This paper is focused on the literature from HT binding experiments. Our curation focused on identifying the objects (sites, promoters, interactions) that satisfy a set of criteria regarding confidence and interpretability (see below), in order to upload them in RegulonDB together with all existing knowledge. When these criteria are not satisfied, then we simply offer the data as datasets (searching for downloads [8]), which are not equally browsable or displayed within RegulonDB, as explained below. We curated a total of 51 papers with HT approaches out of which we added 1048 new regulatory interactions of 9 TFs, in addition to 107 existing regulatory interactions that have been found by these methods. These papers generated 16,609 interactions of 36 TFs and sigma factors that have some missing information and therefore are included only as datasets. Note that we distinguish regulatory interactions from plain “interactions,” for which no evidence is yet available supporting their regulatory role.

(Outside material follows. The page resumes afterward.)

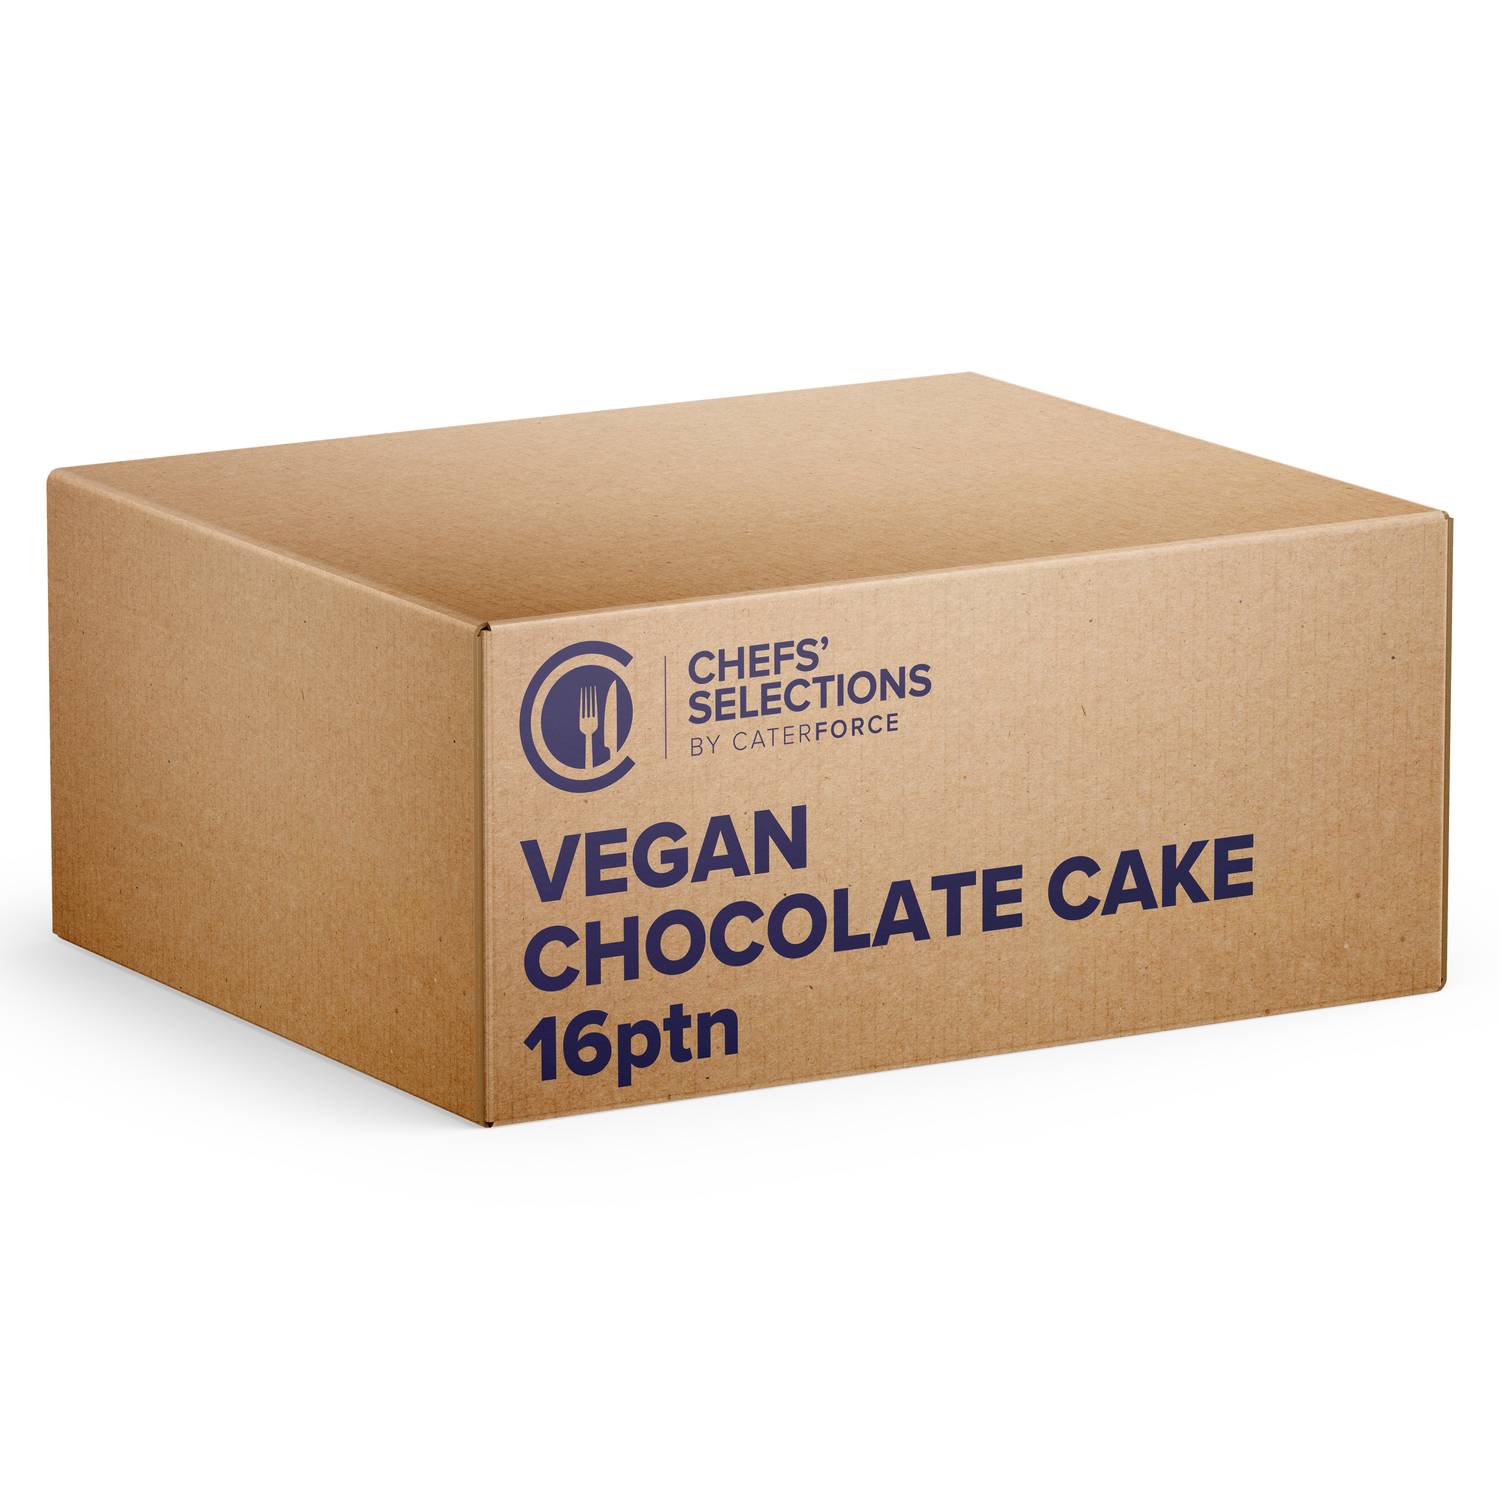 Chefs’ Selections Vegan Chocolate Cake (1 x 16p/ptn)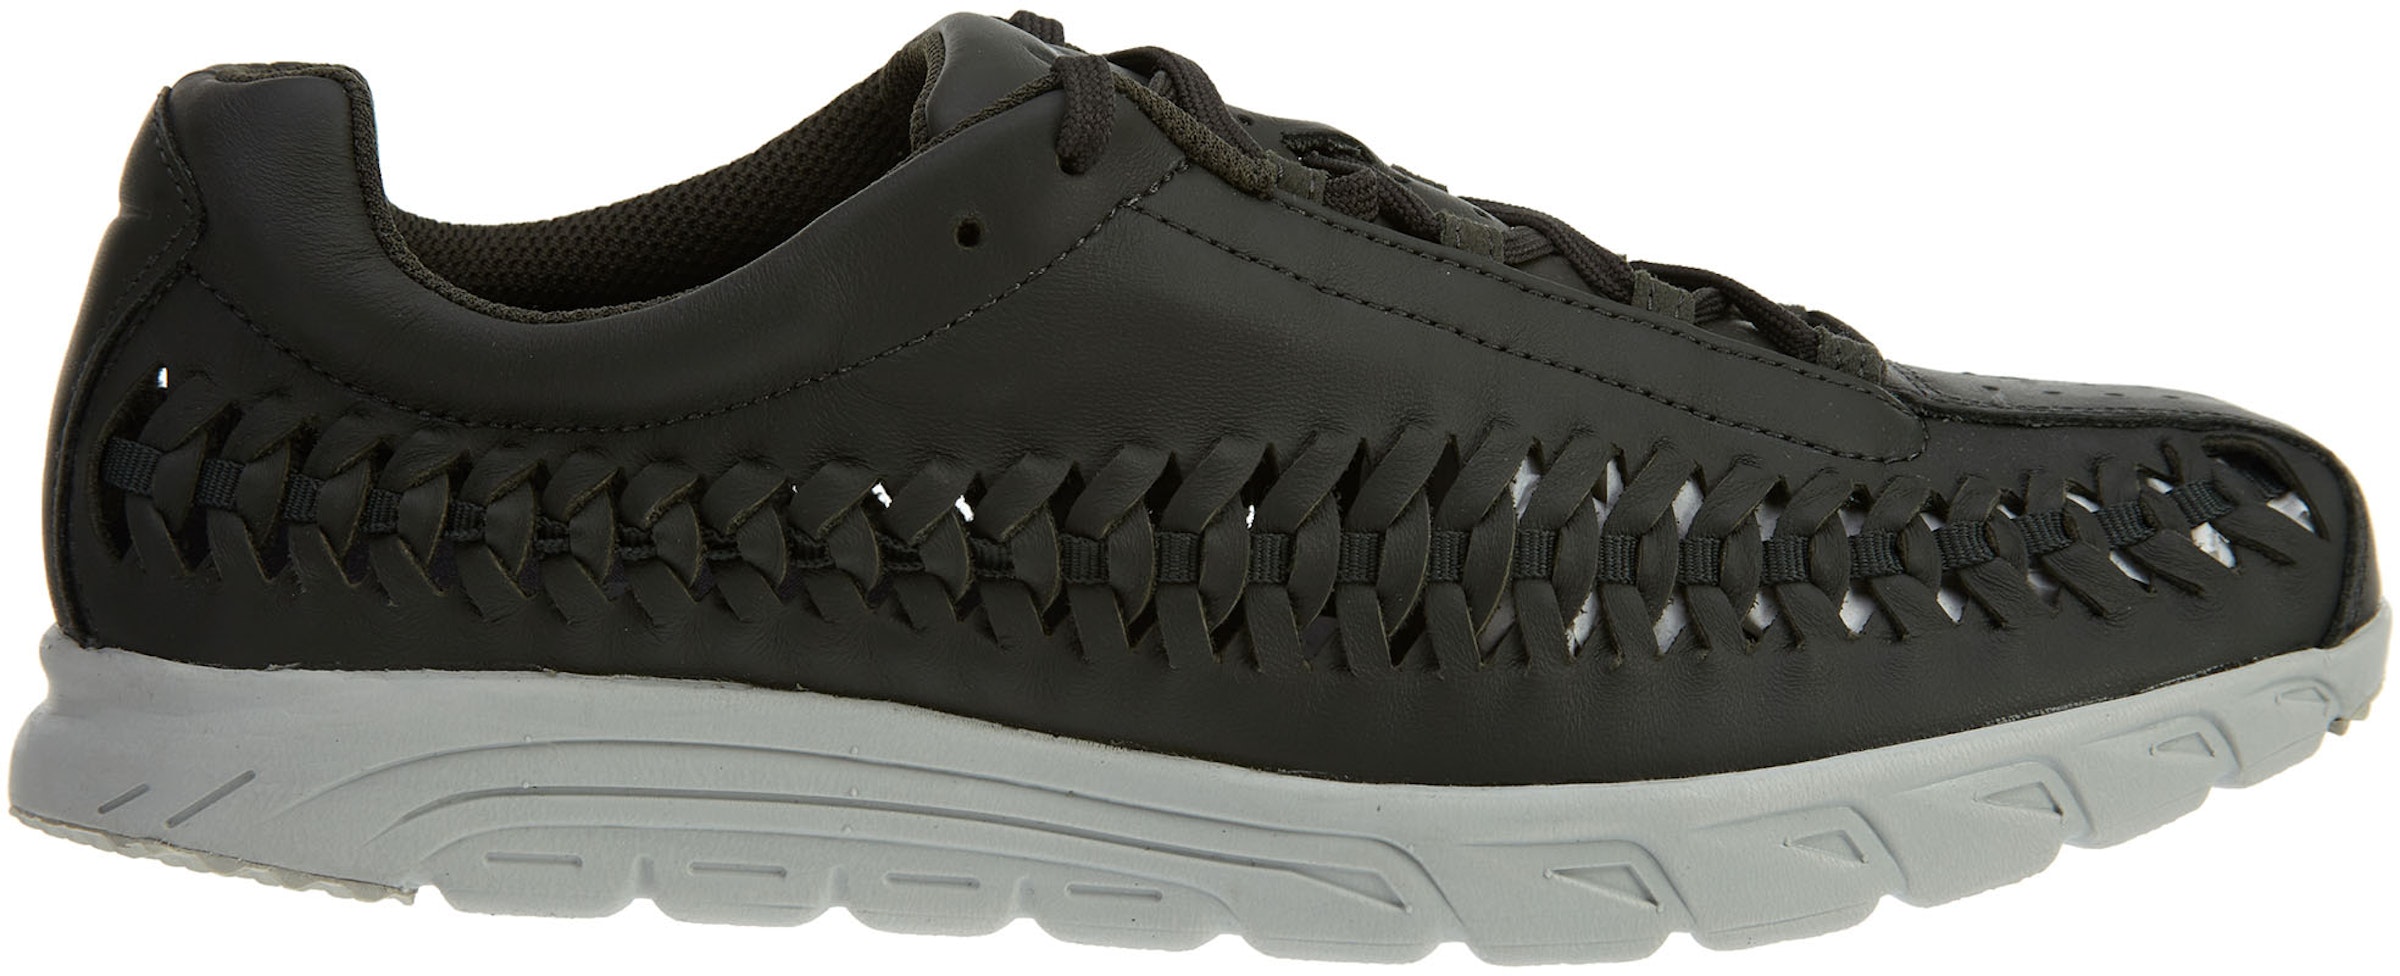 Nike Mayfly Woven Grey-Black Men's - 833132-302 -

Curation of HT literature in RegulonDB

As reported in our publications describing our progress with RegulonDB, we have curated some papers from past HT experiments. The first datasets we included were for TSSs identified by Illumina sequencing of 5′-triphosphate-enriched transcripts by the group of Morett [14]. In 2015, we initiated the curation of binding sites obtained via gSELEX (CRP, H-NS, and LeuO) and ChIP-exo (GadE, GadW, GadY, OxyR, and SoxS), as well as the dataset of TSSs reported by the group of Storz [6]. We are now including curated sites and have made a separate section so that the user can easily identify the datasets coming from HT experiments, together and/or separated from those coming from classic methods. Furthermore, we have initiated important modifications to the computational model of RegulonDB, together with a controlled vocabulary for growth conditions which, taken together, prepare us for a constant and eventual up-to-date curation of all of this literature’s content. We have extracted publicly available information for 43 different TFs from experiments performed in E. coli K-12 by ChIP (ChIP-chip, ChIP-seq, and ChIP-exo) or gSELEX by the group of Ishihama; their experiments were performed in E. coli strain K-12 sub-strain W3110 [15] (this is noted in RegulonDB), as well as RNA-seq and microarray information contained in those papers. Curation of this literature included extracting the metadata (see the “Methods” section) that contain all relevant information of the biology (TF and growth conditions) as well as links to the data if found in standard repositories, and also relevant information as detailed in the “Methods” section. A total of 51 new papers were curated of which 19 are papers with gSELEX data, 17 from ChIP-chip data, 8 from ChIP-seq data, and 7 from ChIP-exo data. The summary of all curated knowledge from HT methodologies currently available in RegulonDB is shown in Table 3. While this is an important first step, additional data are continually curated in order to reach an up-to-date level equal to that of the classic literature.
Table 3

Summary of all curated knowledge available in RegulonDB that was obtained via HT methodologies

Methodologies

Number of articles

Number of TFs

Name of the TFs

 gSELEX

2, previous work

3

CRP, H-NS, and LeuO

19, this work

18

AscG, BasR, CitB, Cra, CsgD, Dan, DpiA, LeuO, Lrp, NemR, OmpR, PdhR, PgrR, RcdA, RstA, RutR, SdiA, and SutR

 ChIP-chip

1, previous work

1

PurR

17, this work

15

ArcA, ArgR, CRP, Fis, FNR, H-NS, IHF, LexA, Lrp, NsrR, RpoD (Sigma70), RpoH (Sigma32), RutR, Rho, and TrpR

 ChIP-exo

2, previous work

6

GadE, GadW, GadX, OxyR, SoxS, and SoxR

7, this work

4

ArgR, Fur, OmpR, and UvrY

 ChIP-seq

8, this work

8

CsiR, FNR, Fur, H-NS, Nac, OmpR, RpoD (Sigma70), and RpoS (Sigma38)

Methodologies

Number of articles

Number of TSSs

Dataset in RegulonDB

 TSS determination

2, previous work

5197

http://regulondb.ccg.unam.mx/menu/download/high_throughput_datasets/ [8]

1806

http://regulondb.ccg.unam.mx/menu/download/high_throughput_datasets/ [8]

1, previous work

14000

http://regulondb.ccg.unam.mx/menu/download/high_throughput_datasets/ [8]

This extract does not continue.